• Provided material:
⁂
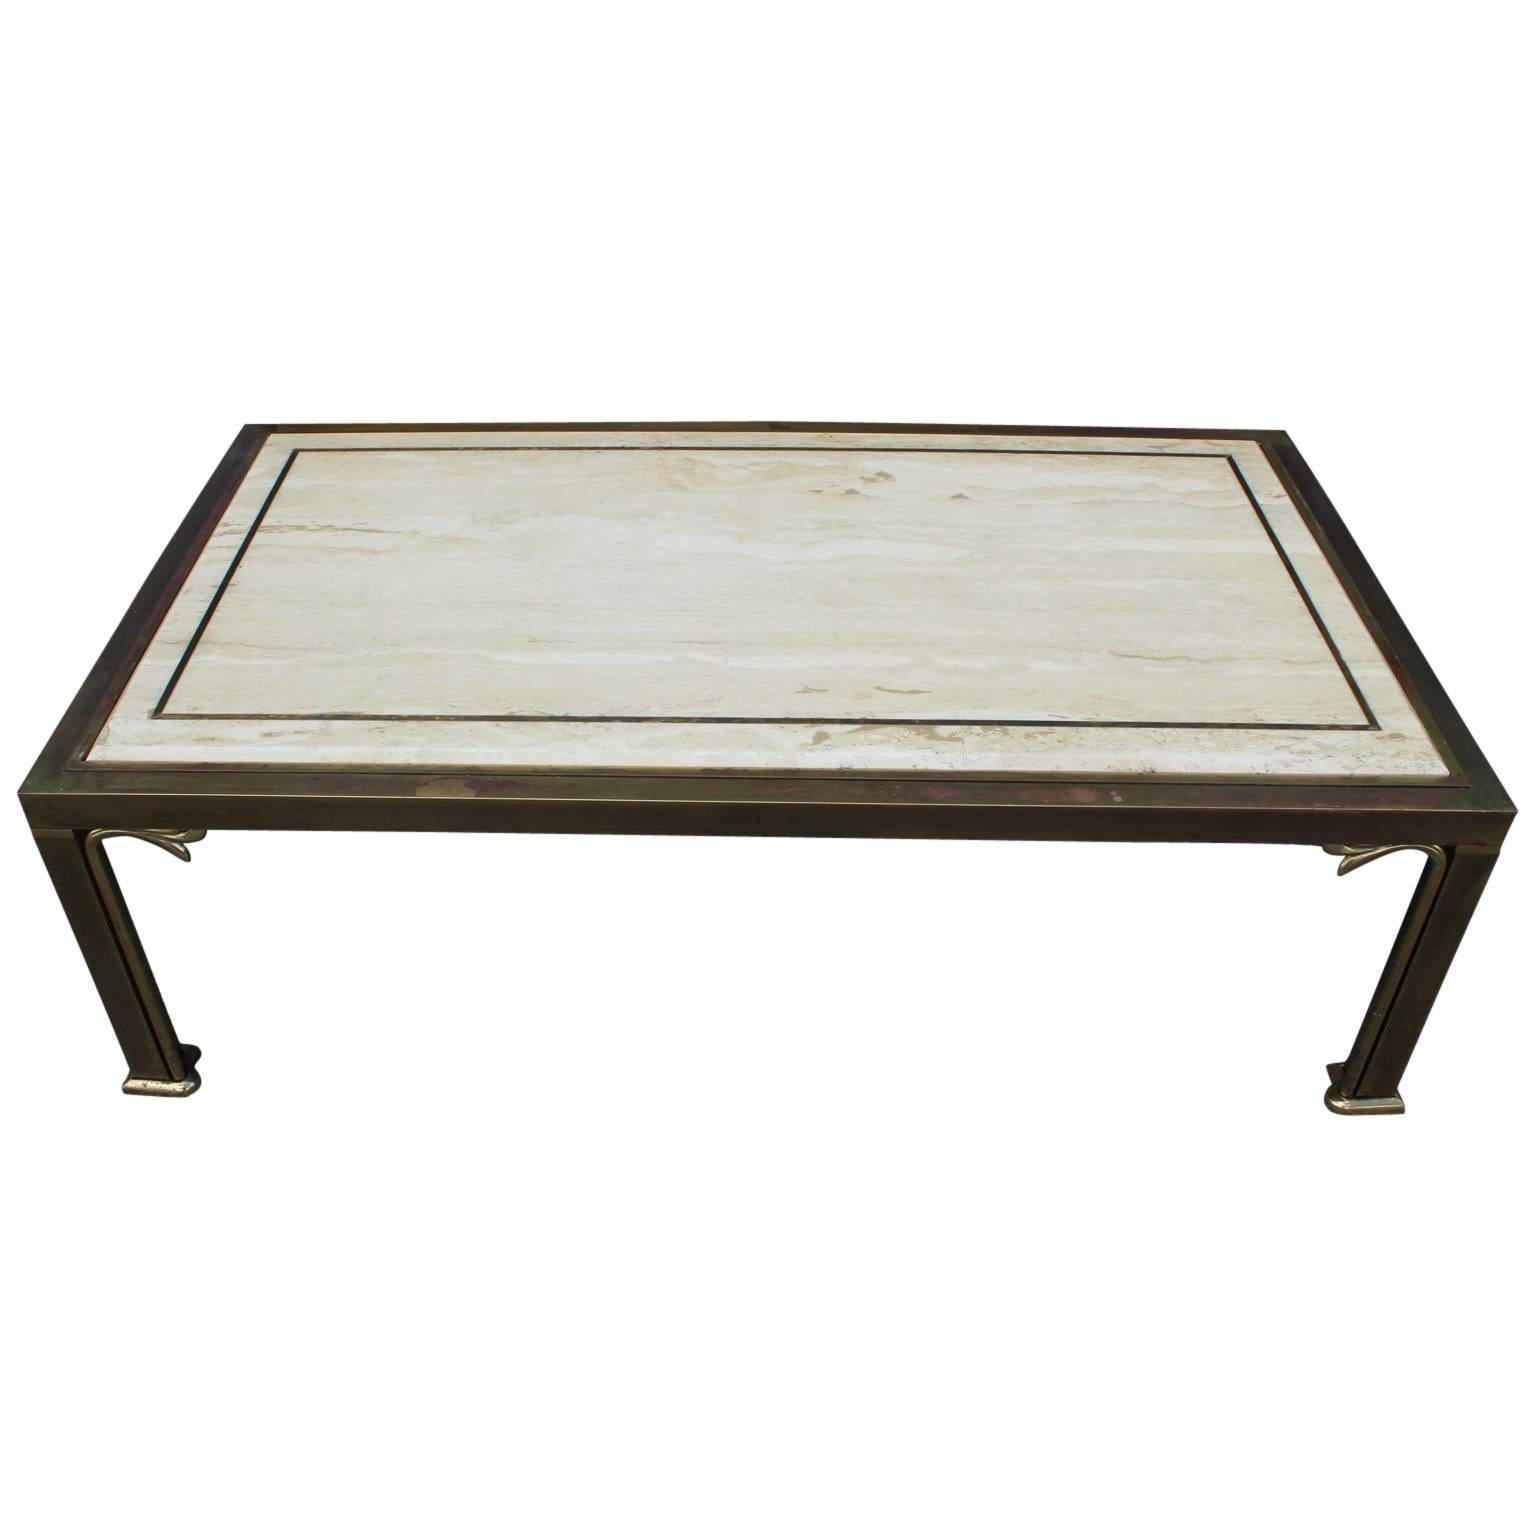 Glamorous Travertine and Brass Modern Coffee Table with Marble Top
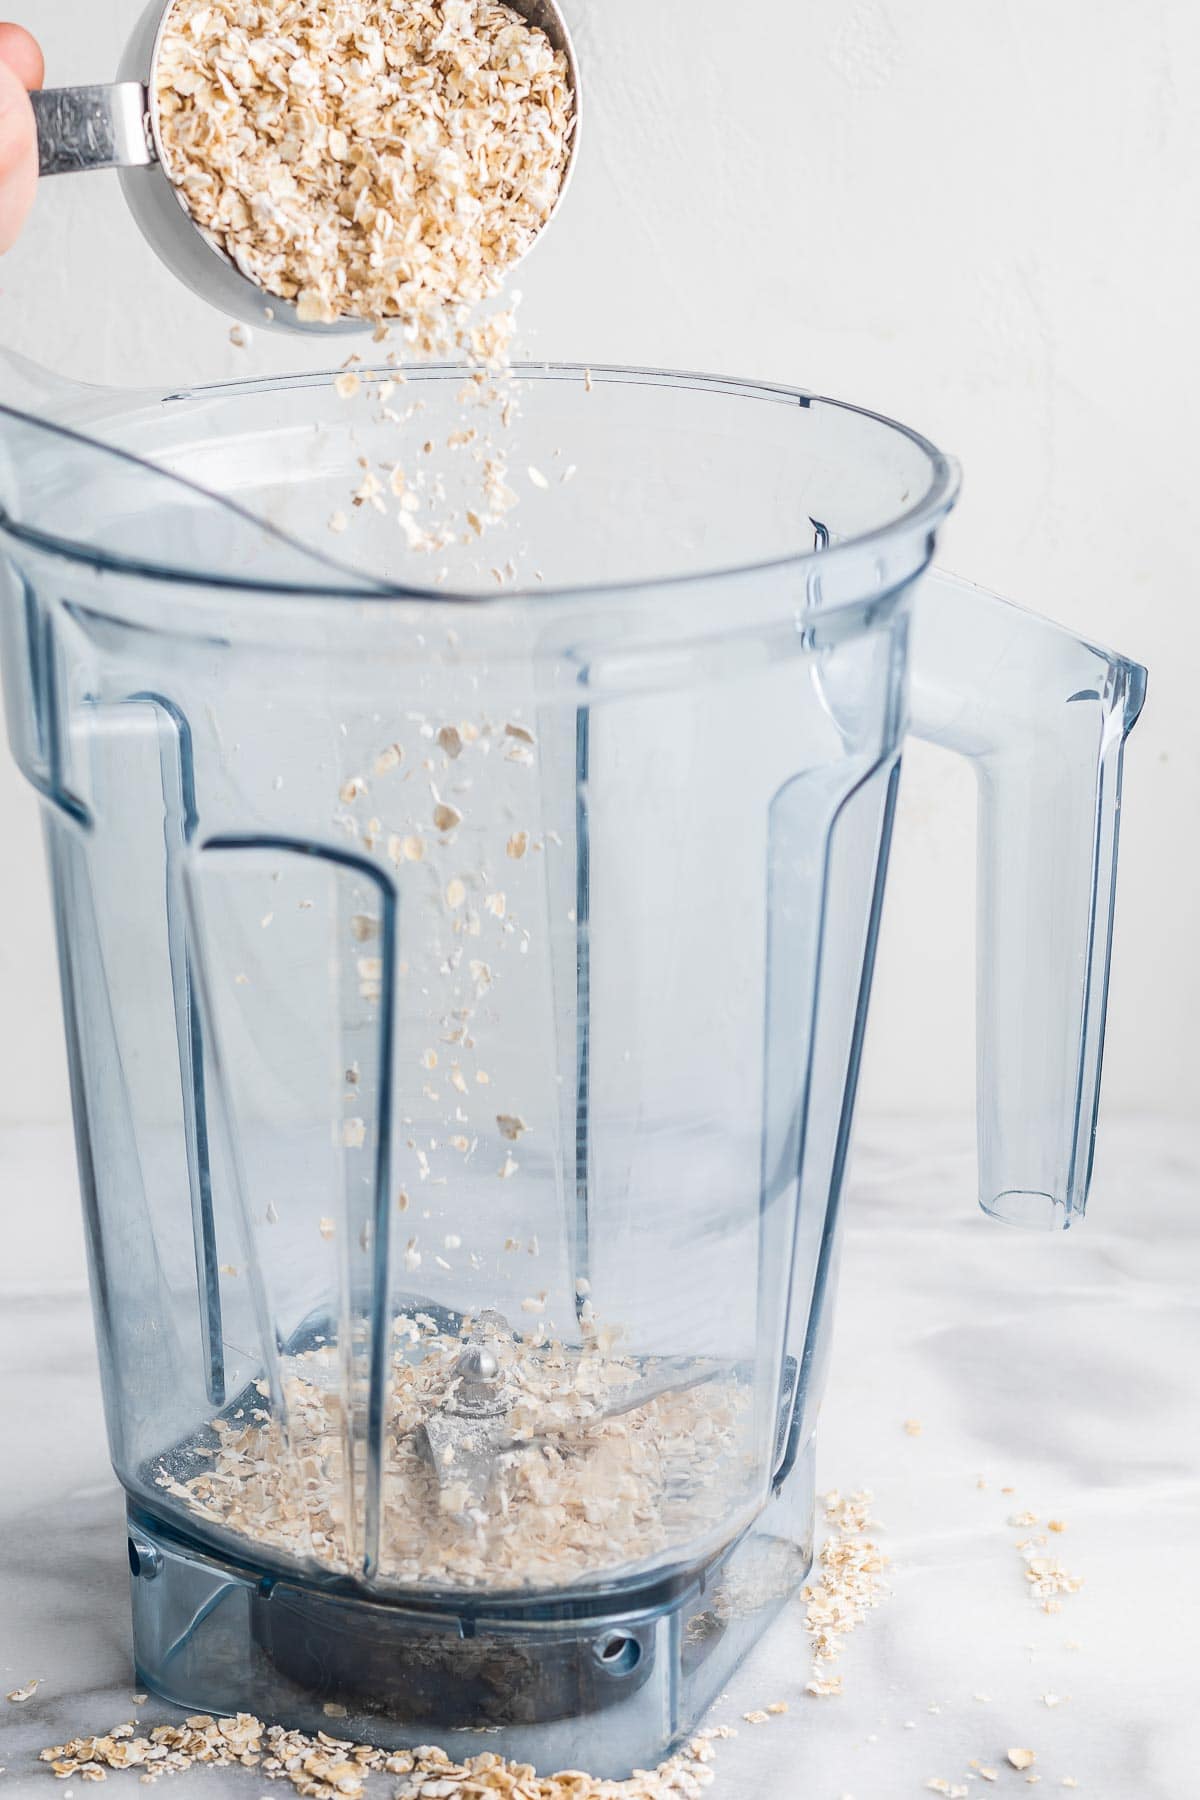 rolled oats in the blender
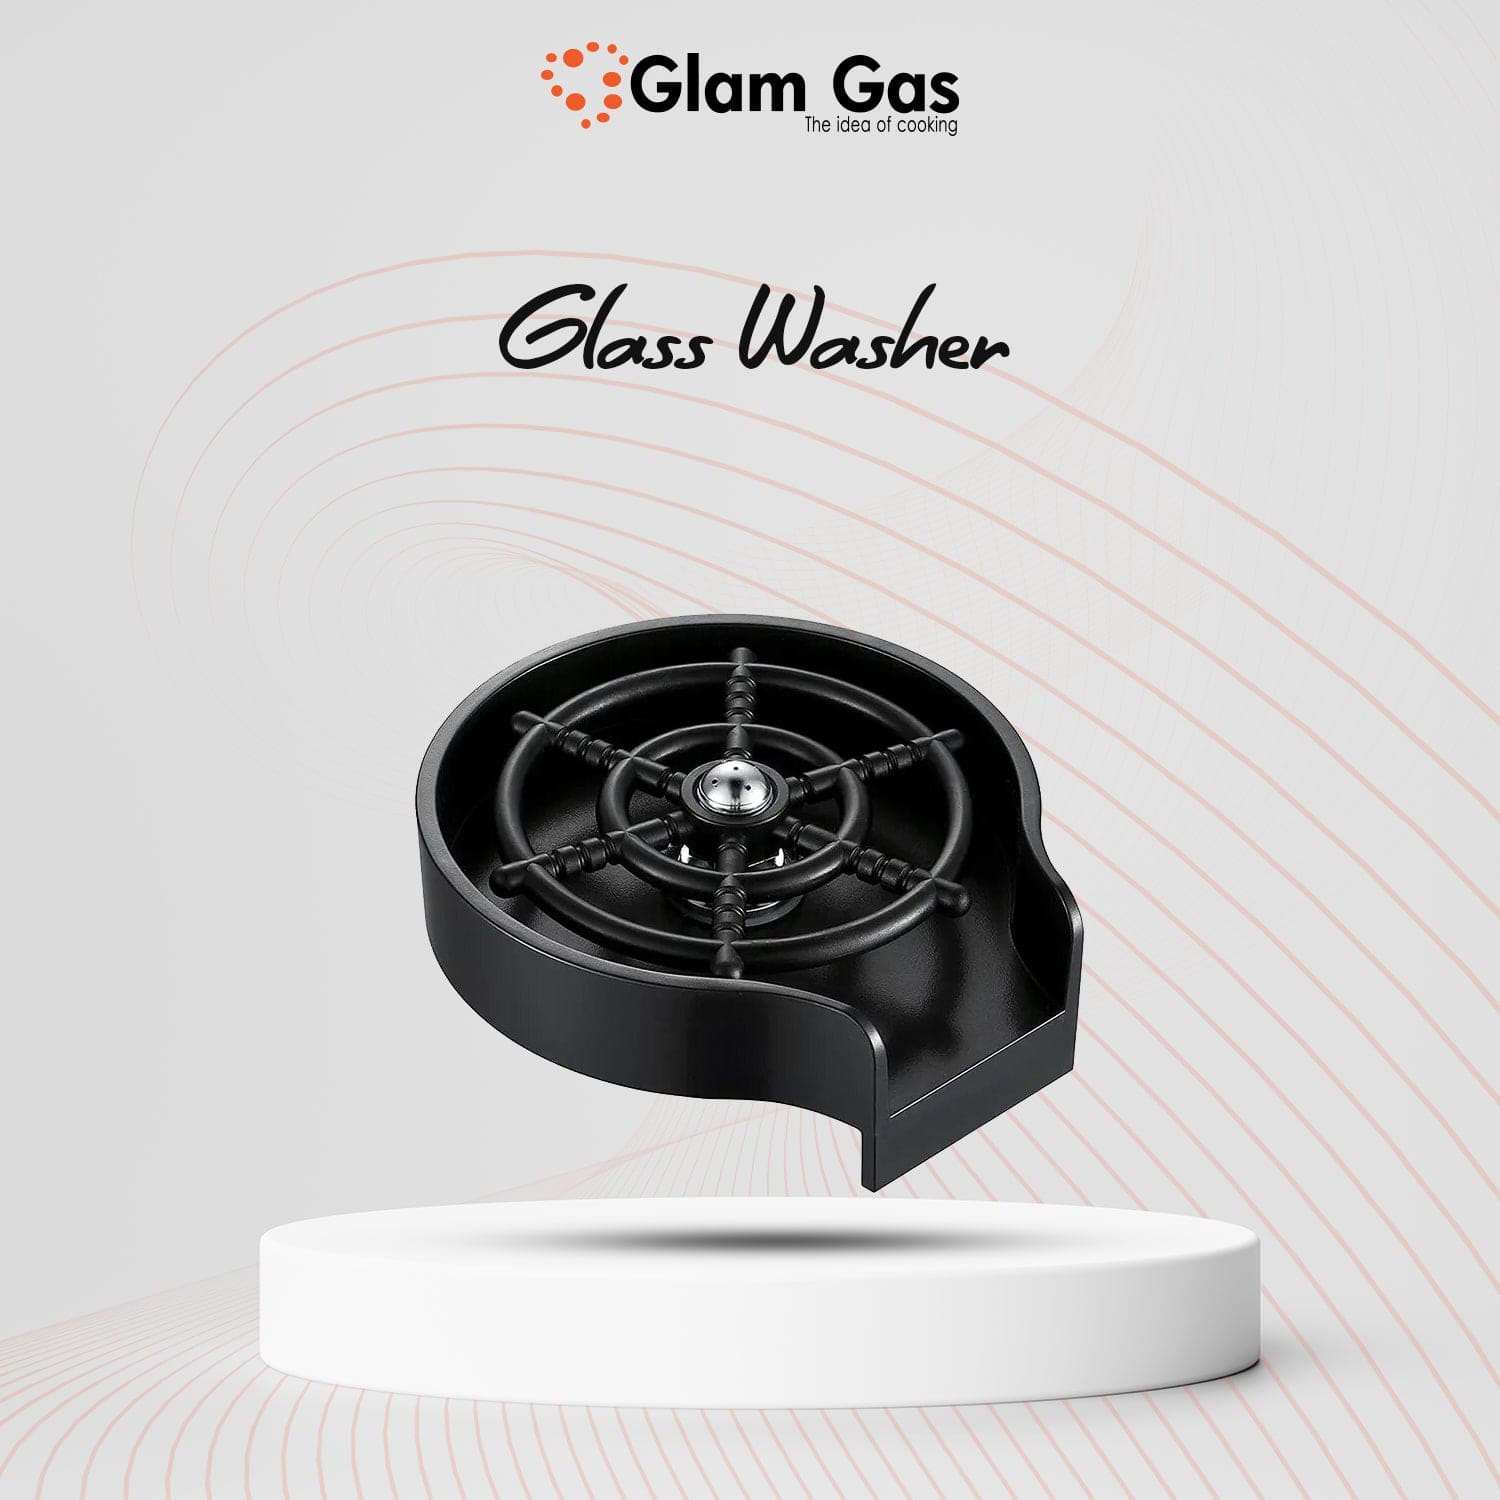 Shop Now For Glam Gas |Sink Glass Washer Just a few Click in Pakistan
⁂
• What is required:
Your task is to repeat the data above exactly while excluding the pictures.

• Written answer:
 Glamorous Travertine and Brass Modern Coffee Table with Marble Top
 rolled oats in the blender
 Shop Now For Glam Gas |Sink Glass Washer Just a few Click in Pakistan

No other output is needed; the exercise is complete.